As I prayed, I began to realize something.  When I think about my true dream – the thing I’m the most excited about when I tell people “my plan,” – it’s not standing in front of a class or writing lesson plans.  It’s the part I always refer to as “on the side.”  It’s the reason I attempted to interdisciplinary (basically a minor, for those of you who don’t go to Moody) in pre-counseling.  I want to work with girls who have been wounded, sold, and stolen.  Girls who had their innocence ripped away from them, who were so desperate for money that they sold their right to themselves.  I want to teach them that they have worth, that they are beautiful.  To LOVE them.  To show them the One who will never, ever abuse them.  From the first time I read about the issue of sexual exploitation, I have had a burden in my heart for those girls.

Yesterday, in chapel, one of our professors stood at the podium and said she had a “very exciting announcement.”  She announced that Moody was beginning a new major: Ministry to Victims of Sexual Exploitation.  As she explained the details, tears pooled in my eyes and my mind began scrambling.  The first conscious thought I had was, “I have to do this,” followed shortly by about six reasons why there was no possible way I could do this.

One at a time, throughout the day yesterday, God countered each of those points.  In fact, He didn’t just counter them, He gave me even more reasons why I needed to lace up my shoes and run.  I called my mom, who had been sitting in a chapel at Bo’s school while I was in chapel.  Their speaker was a missionary from Peru (of all places!) who runs a shelter for battered women… many of whom have been rescued from sexual exploitation.  The first class for this major fit PERFECTLY into an hour and fifteen minute hole that just happened to be in my fall schedule. 9-12 more credits from Mott would transfer in with the switch.

I got my change of major form this afternoon and filled it out.  When I went to the Missions Department to have it signed, the hallway seemed deserted.  “Okay, God,” I whispered.  “I’m 99% sure this is what I’m supposed to do… but if it REALLY is… just give me one more sign?” (Oh, me of little faith…)  I walked to the end of the hall, towards what I was certain would be a deserted office, and there was Dr.
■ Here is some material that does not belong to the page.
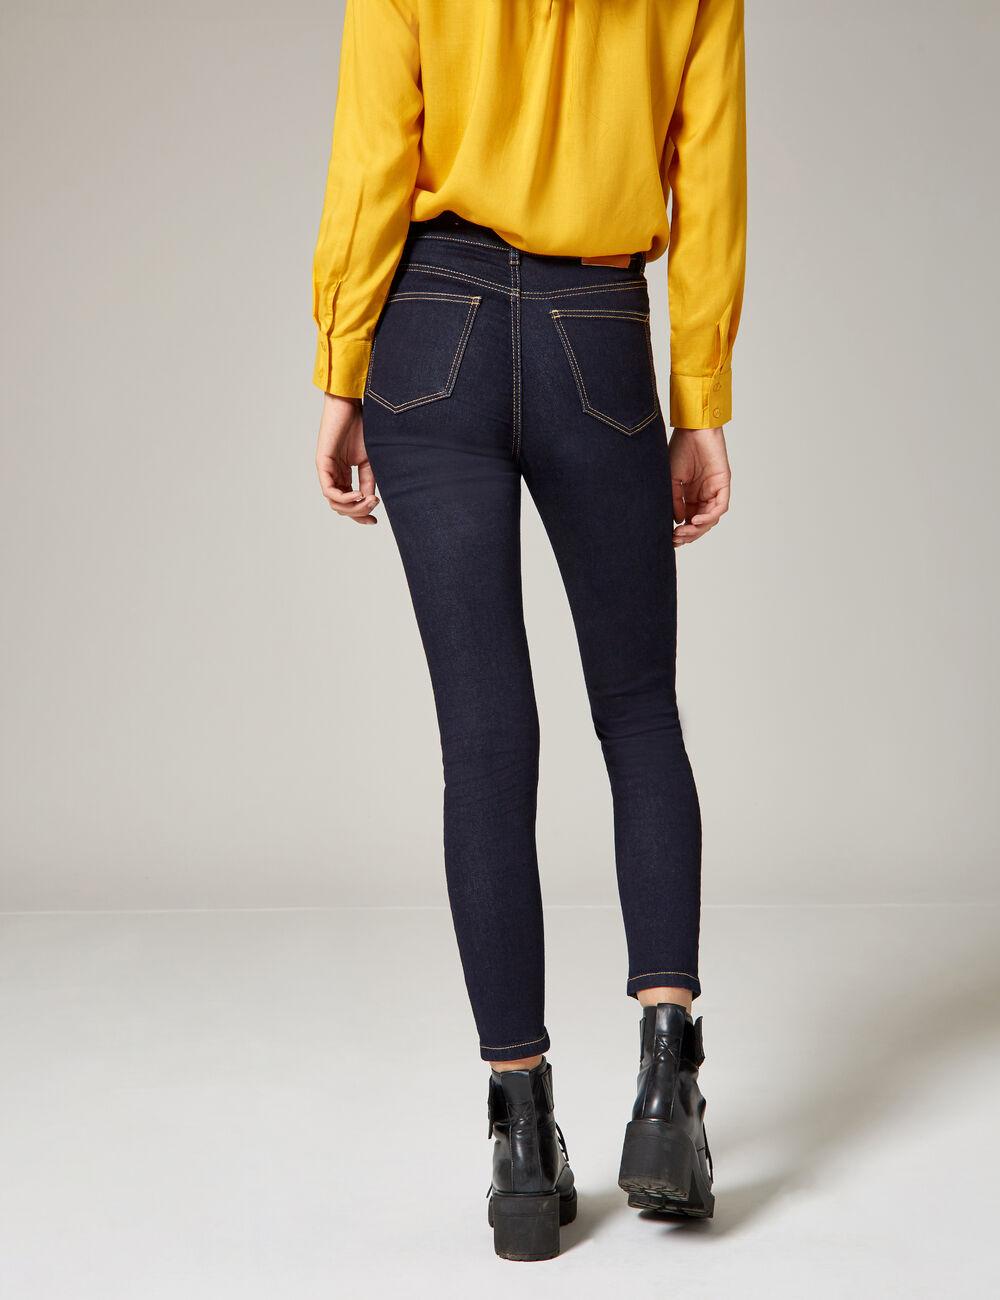 Jeans Américain Rag Bleu Charlie Lavage Déchiré Jeans Moulant 3

Sisk.  He signed off on my major change as chair of the Missions Department, and I was gone in about 30 seconds.

I could easily write another 900+ words about all of the tiny details, “coincidences,” and neon signs shouting that I should go ahead with this that have happened in the last 48 hours… but I’ll spare you the extra reading.  As of next week, everything should be approved, and my major will be officially changed from TESOL to Ministry to Victims of Sexual Exploitation.  Do I have a 5 or 10 year plan?  Nope.  But He does, and I know that there’s nothing better for me than His plan.